Henry Cooper, a local chair of the opposition Unity Party (UP), is another horrible murder linked to the government. The Government has not denied killing Mr. Cooper, but they insisted the Henry Cooper they killed was not the Henry Cooper of the Unity Party. The UP has denounced the government's explanation as nonsense and challenged it to produce the living body of Henry Cooper of UP, but the government has yet to produce it.
Taylor continues to made good on his threats against opposition politicians and Liberians critical of his rule at home and abroad. A recent assassination of General Alfred T. Glay, one of the many Liberian exiles that the Taylor government blamed for the UN sanctions on his government. "You would be followed even in your mother's womb. If you think you can hide, we will show that you cannot hide," Taylor has boasted on numerous occasion. Indeed, Gen. Glay was chased into his 81-yeay-old mother's womb by Taylor's security men on April 25, 2002 in Ghana, West Africa.
The alleged assassins of General Glay were Charles Wrotee and Christopher Wesseh. Charles Wrotee fought along with Charles Taylor in the 1980's in his campaign to overthrow the Samuel K. Doe government. During that period, he was known as "Ranger". Both Charles Wrotee and Christopher Wesseh are members of Taylor's security network. The network, the January 10, 1999 edition of The Washington Post referenced as: ".... an obsession with security among Taylor and his people that is leading his government to build a heavily policed state in which overlapping security agencies show too little respect for law and human rights."

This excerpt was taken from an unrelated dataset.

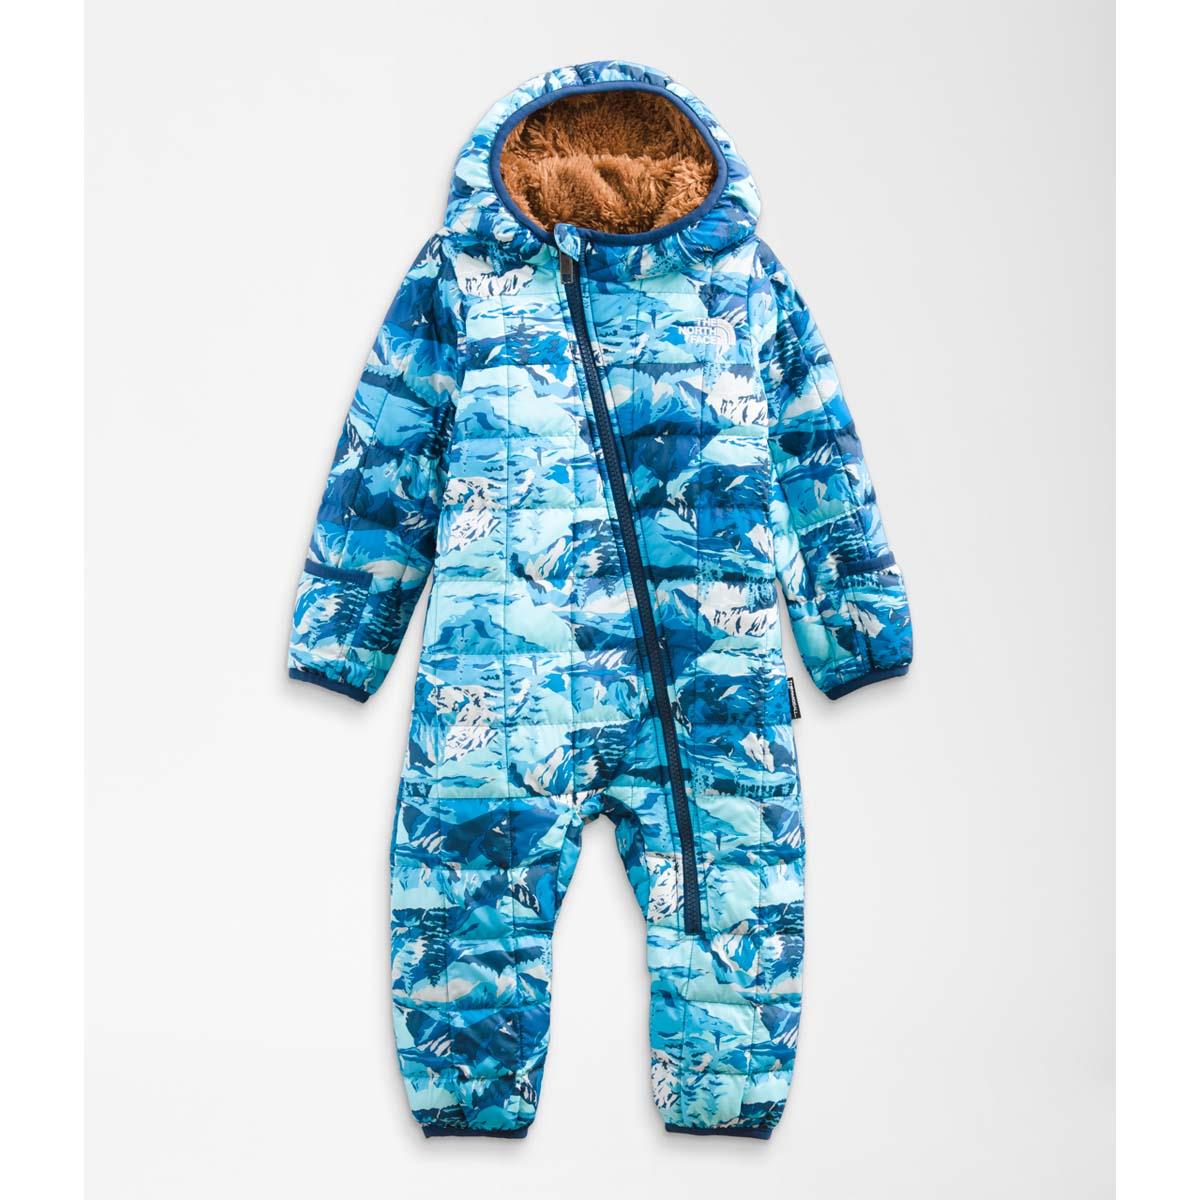 The North Face Thermal Suit set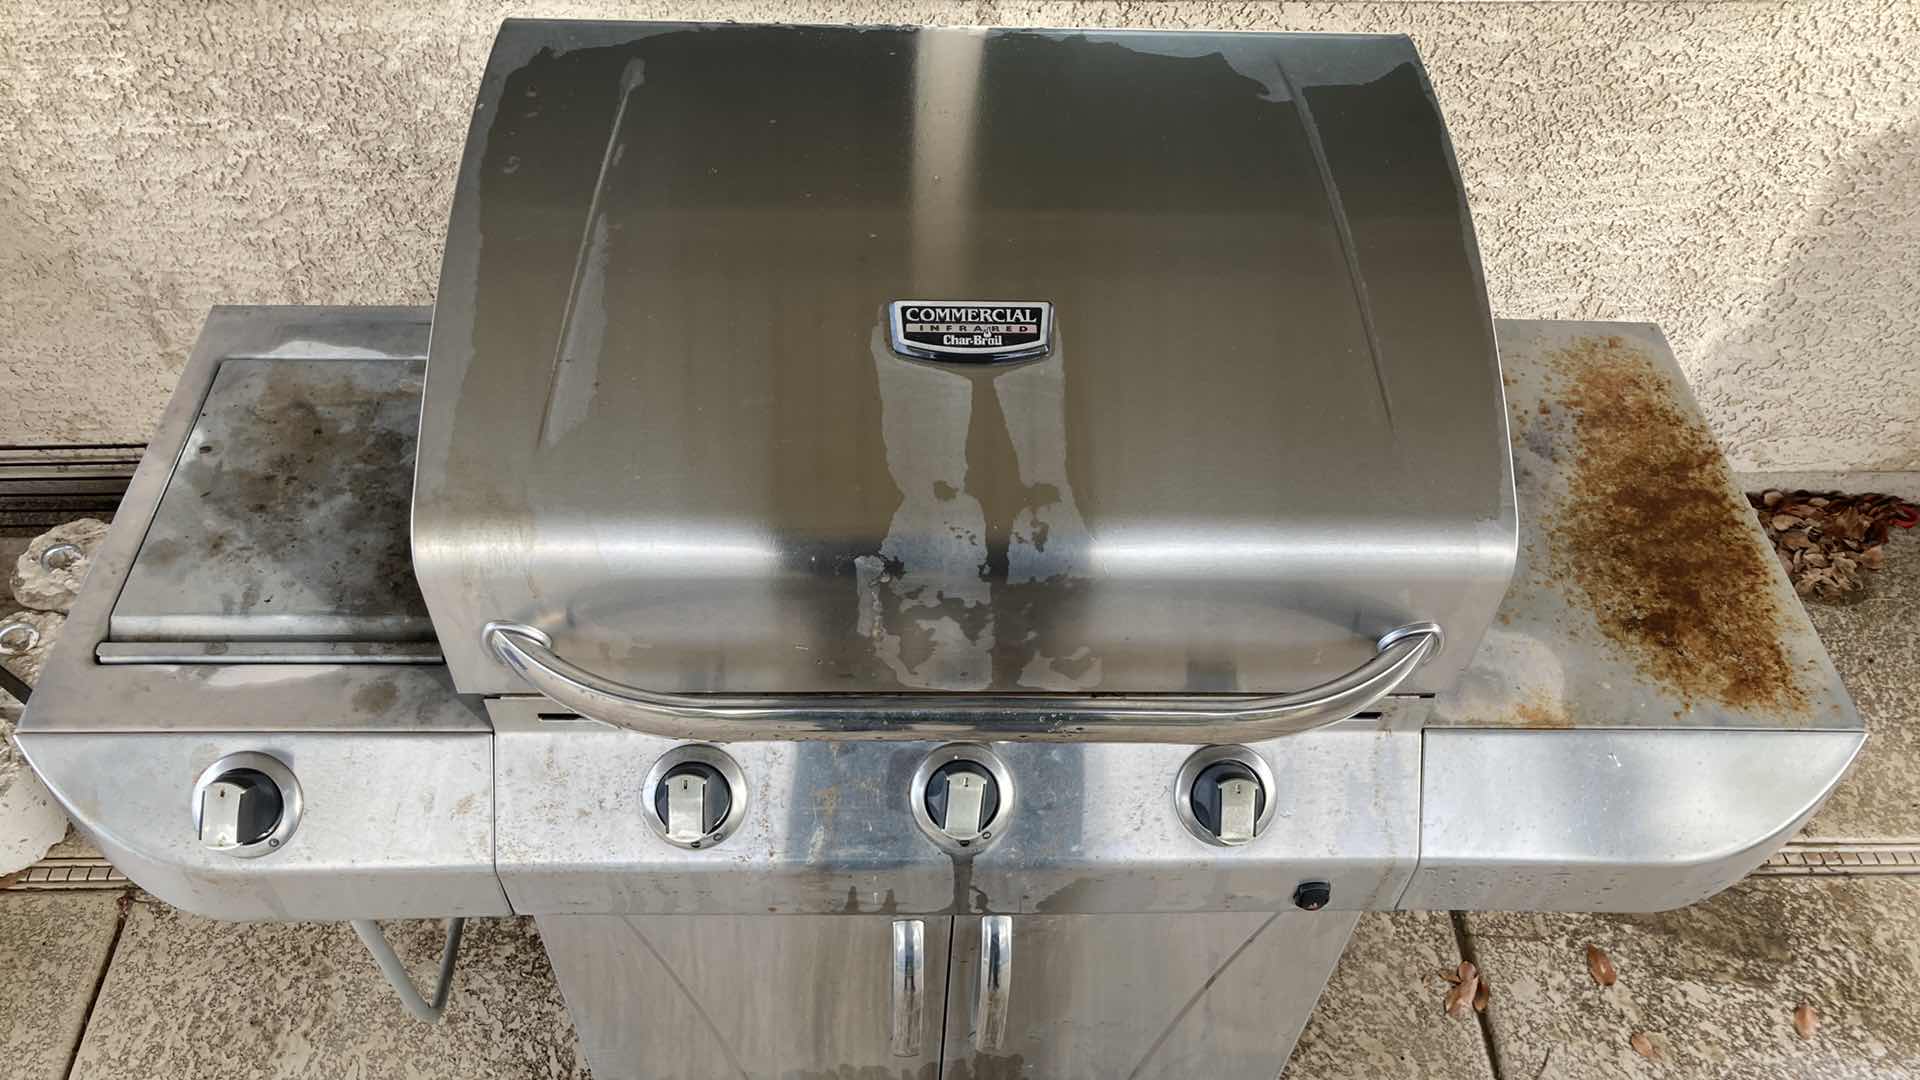 Photo 4 of CHARBROIL COMMERCIAL INFRARED PROPANE GRILL MODEL 463257111 W PROPANE TANK (PARTIALLY FULL)

While I may not subscribe to the idea of chasing people into their mothers' womb, for the simple fact that the womb is where LIFE begins, I empathized with an older Liberian lady whom I met recently that said to me: "My child, Taylor talks too much about womb. He talks as if he is a 'test tube' experiment; but since he talks that much about chasing people into their mothers' womb, it won't be such a bad idea for LURD to hand him that experience. Perhaps, then he would act like a normal human being." I couldn't help but laugh. She was dead serious! That's how affected we have become - longing for HOME, instead of our mothers' womb. I hope he too doesn't fall prey to the Liberian adage that warn us to "watch out, 'cause the hole you dig, may someday be your own."